### THE DATA

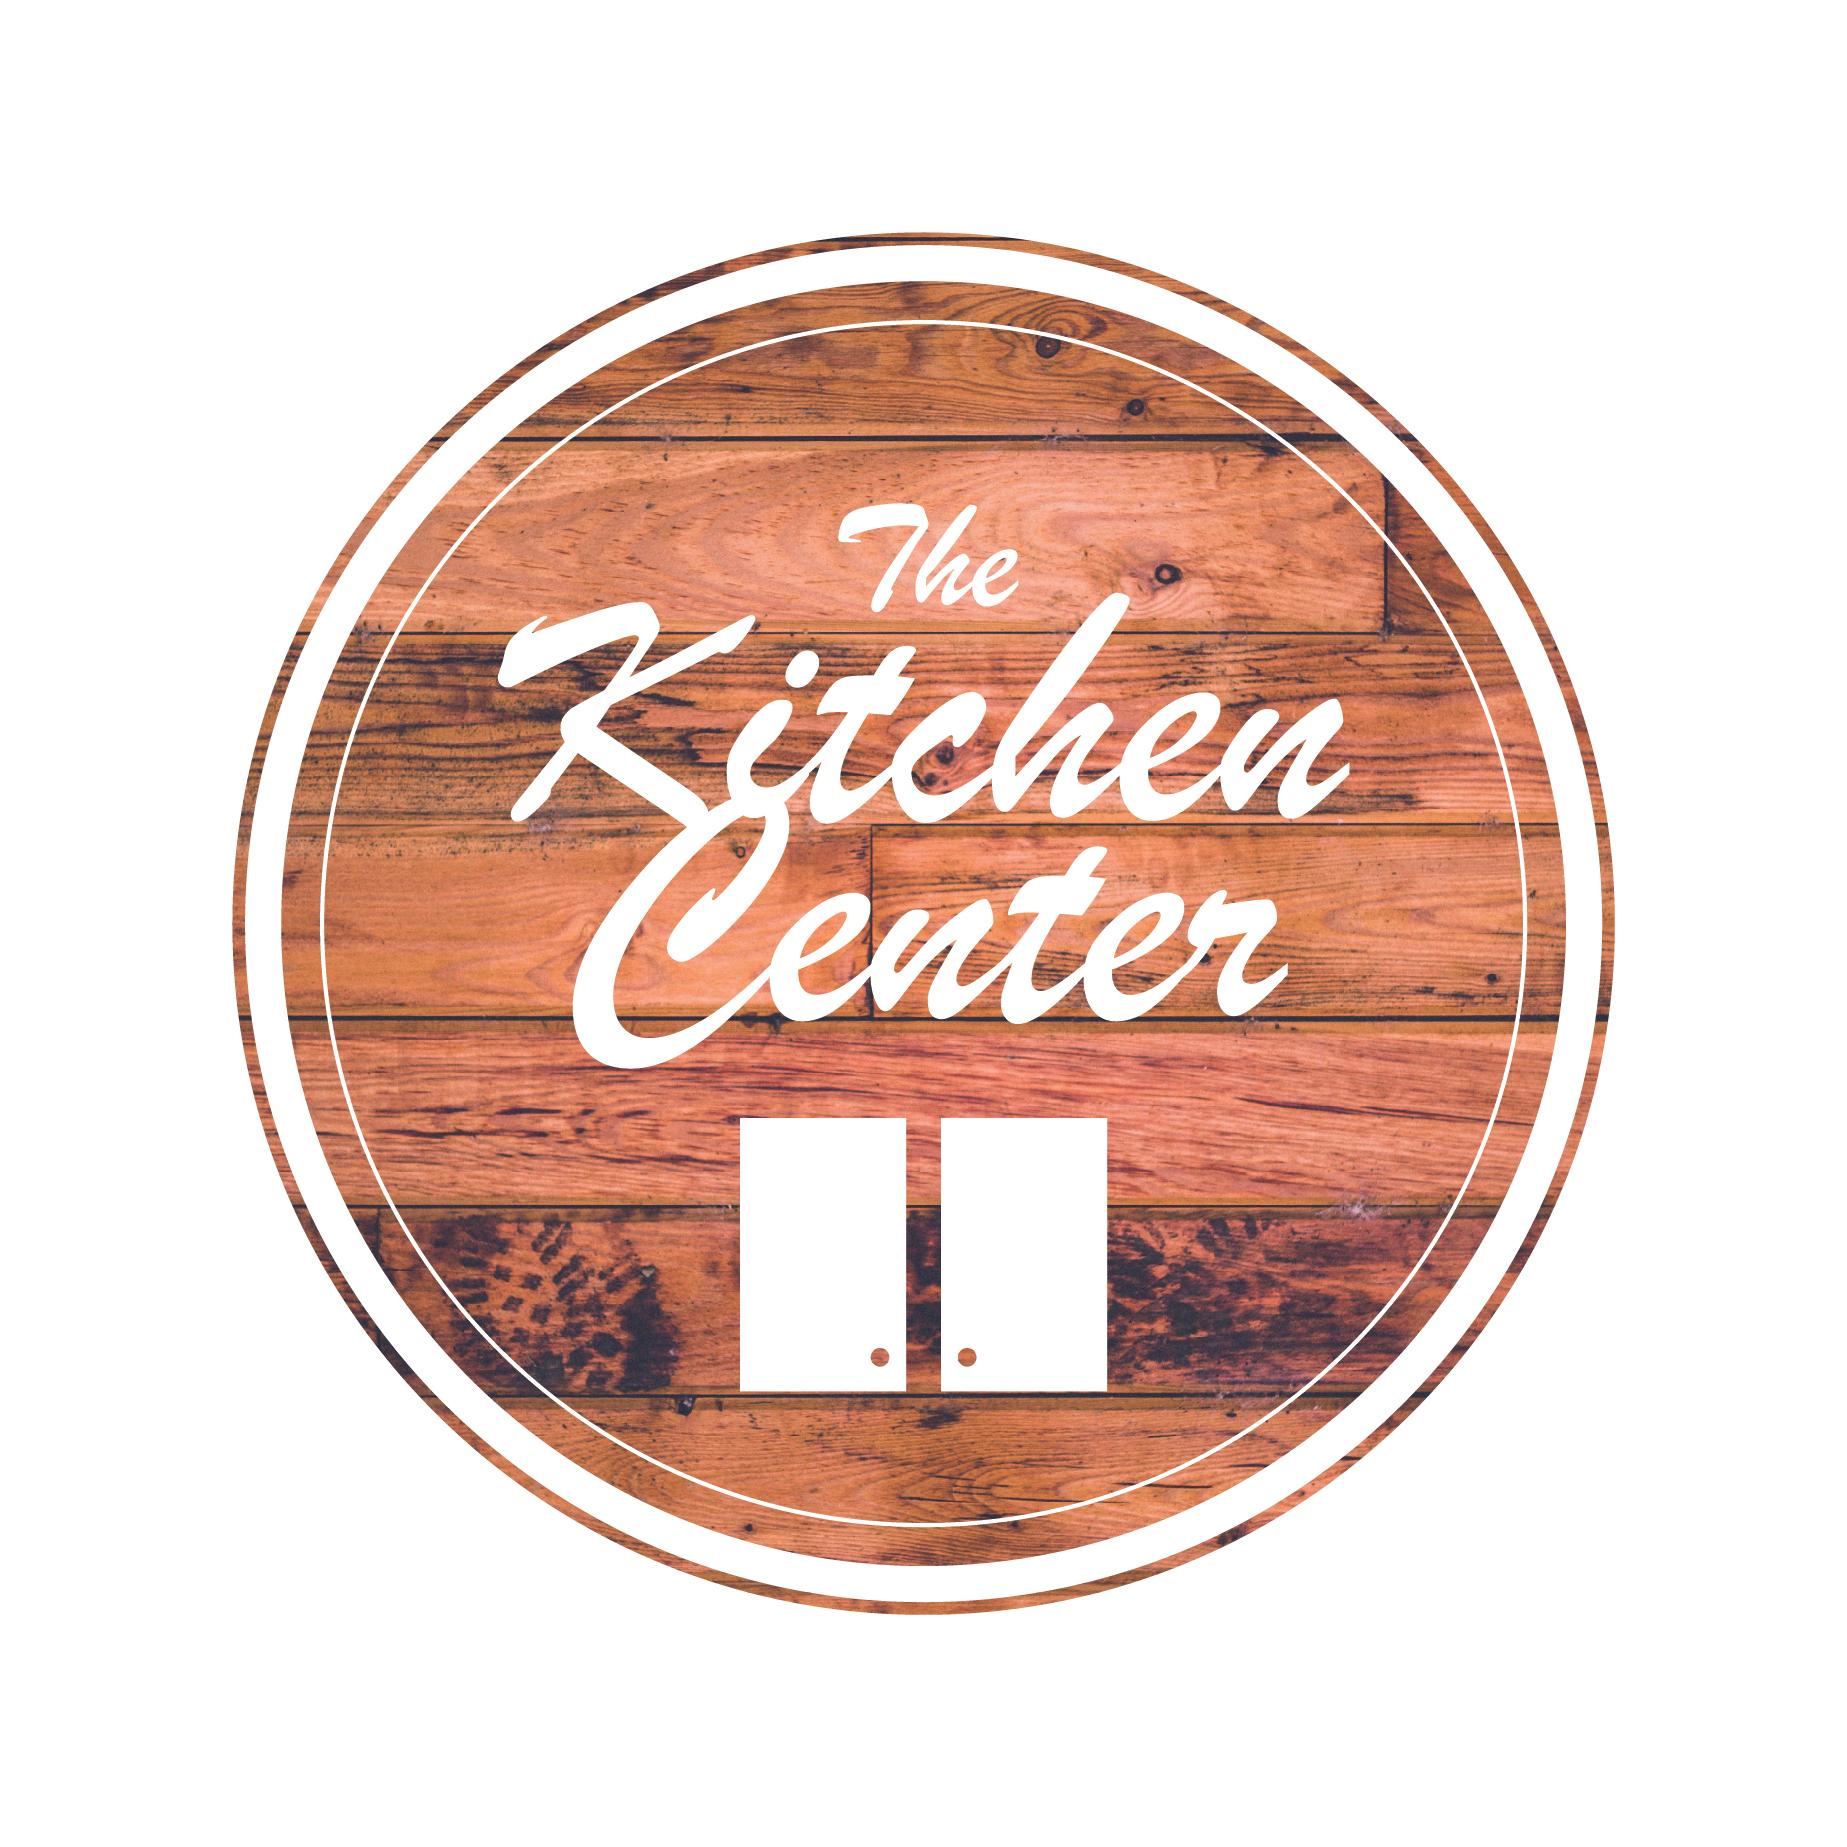 KitchenCenter2-02.jpg
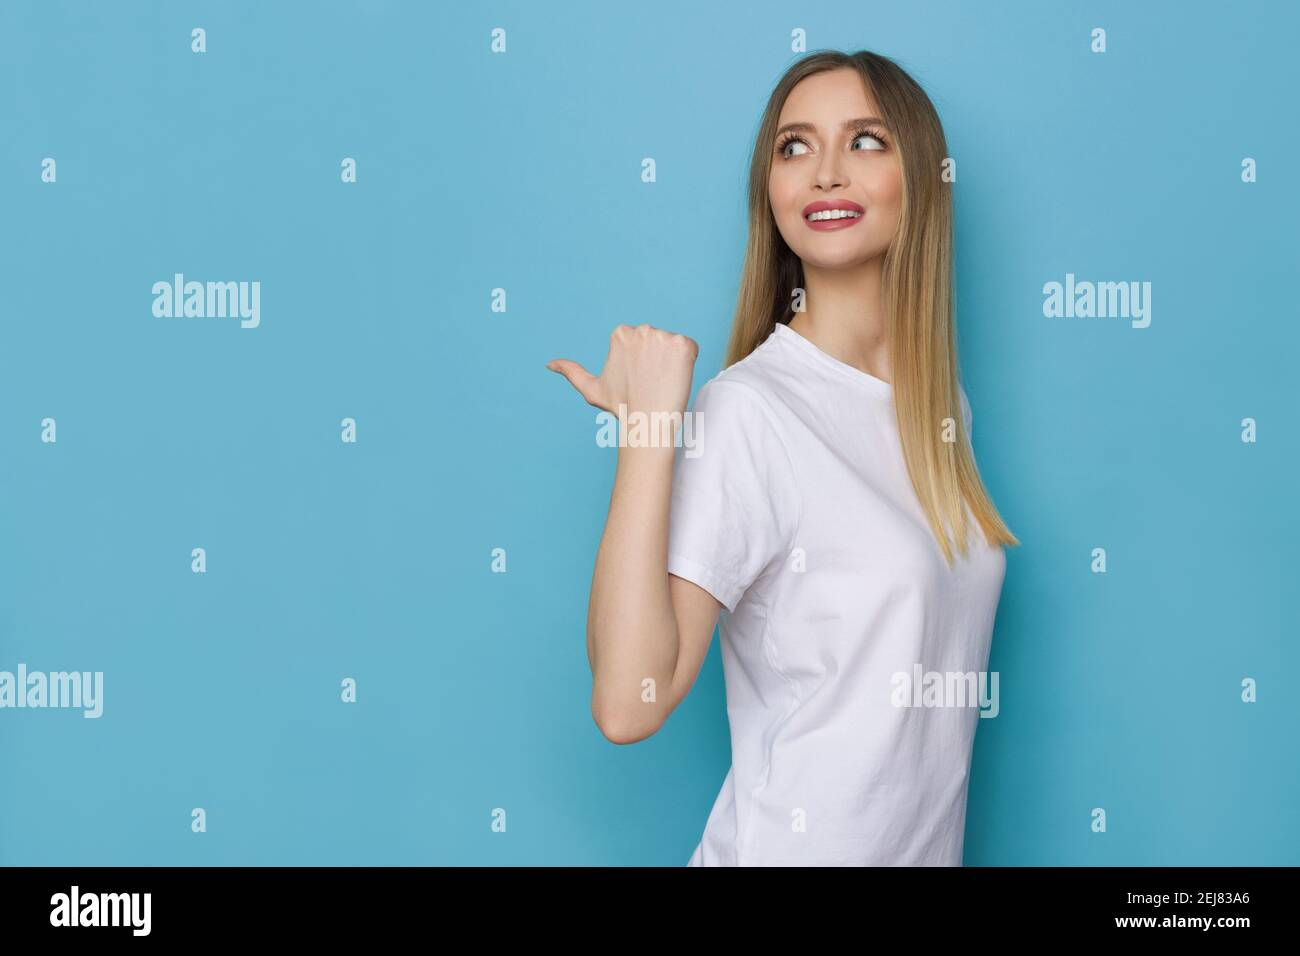 Sonriente mujer joven en camisa blanca está apuntando detrás de sí misma con el pulgar y mirando lejos. Vista lateral. Estudio de cintura arriba sobre fondo azul. Foto de stock
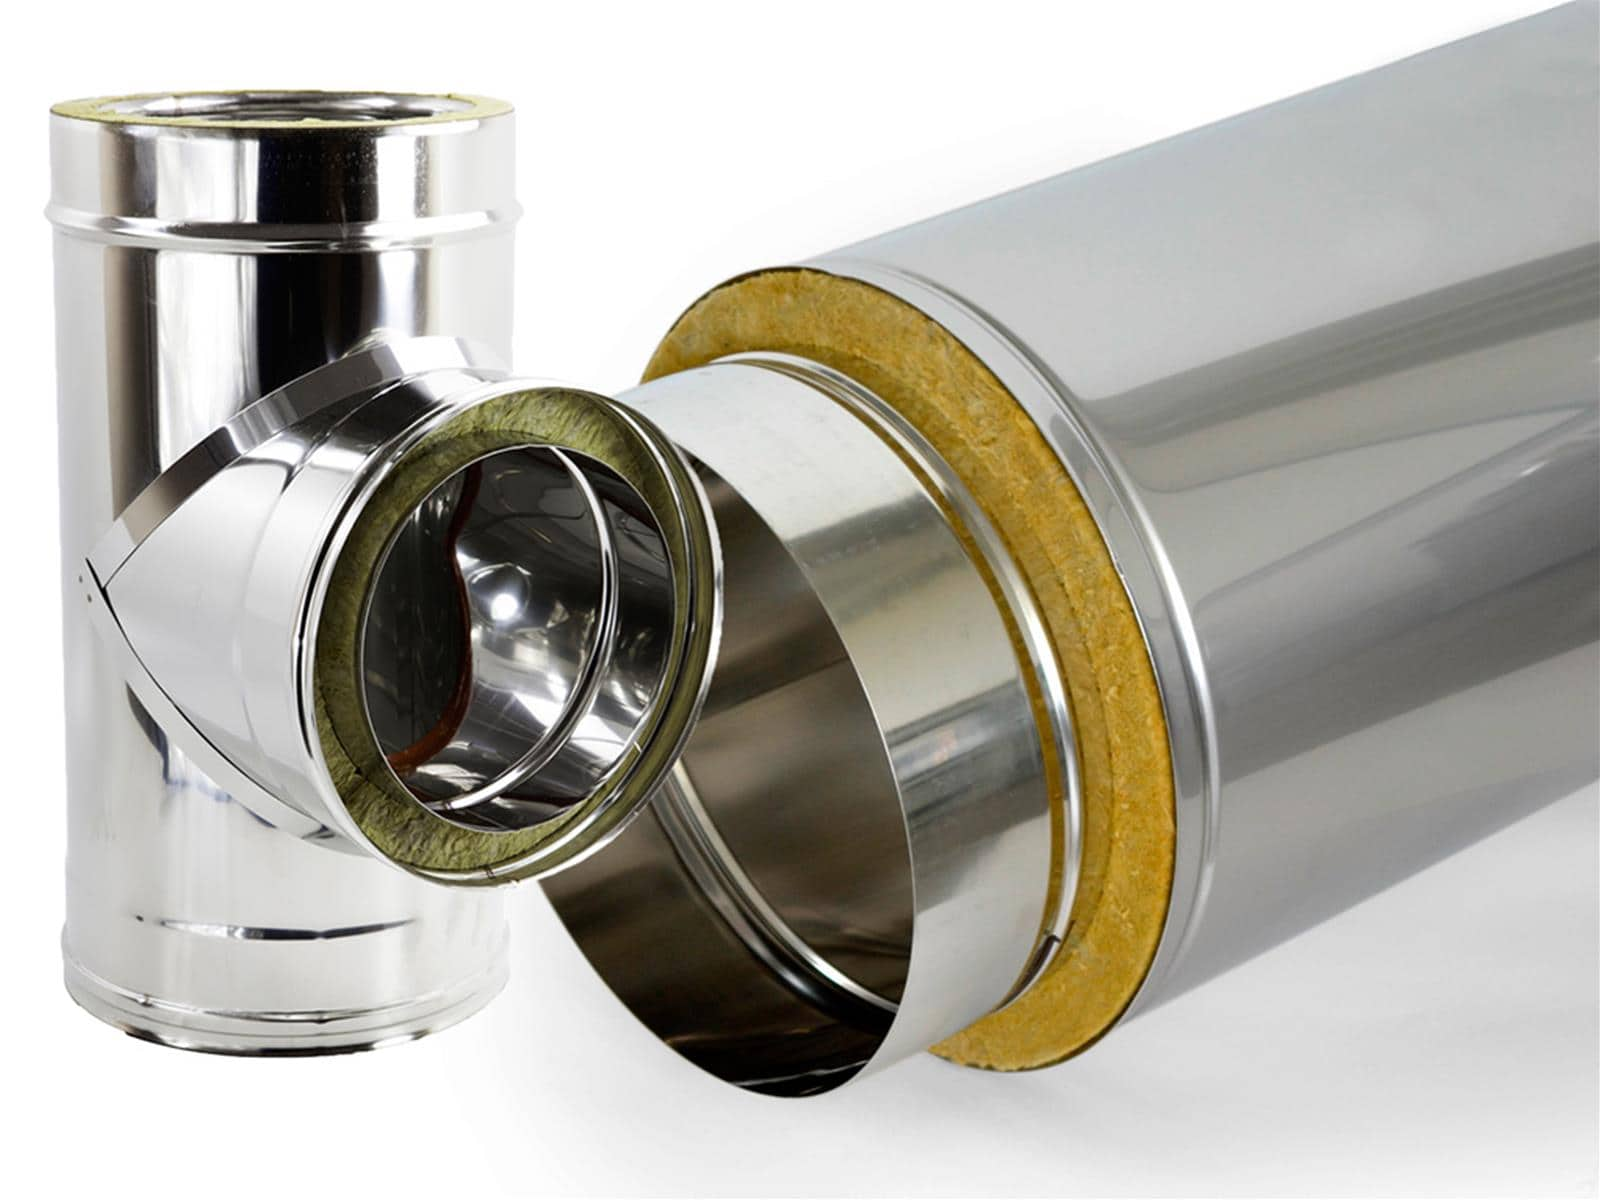 Tubi acciaio inox aisi 304 prezzi idee di design per la casa - Tubi per stufe a legna prezzi ...

######

◆ TASK REQUIREMENTS:
Exactly the lines from the top of the listing through the line with "Sonriente mujer joven", and no pictures, should be printed.

◆ EXERCISE ANSWER:
 KitchenCenter2-02.jpg
 Sonriente mujer joven en camisa blanca está apuntando detrás de sí misma con el pulgar y mirando lejos. Vista lateral. Estudio de cintura arriba sobre fondo azul. Foto de stock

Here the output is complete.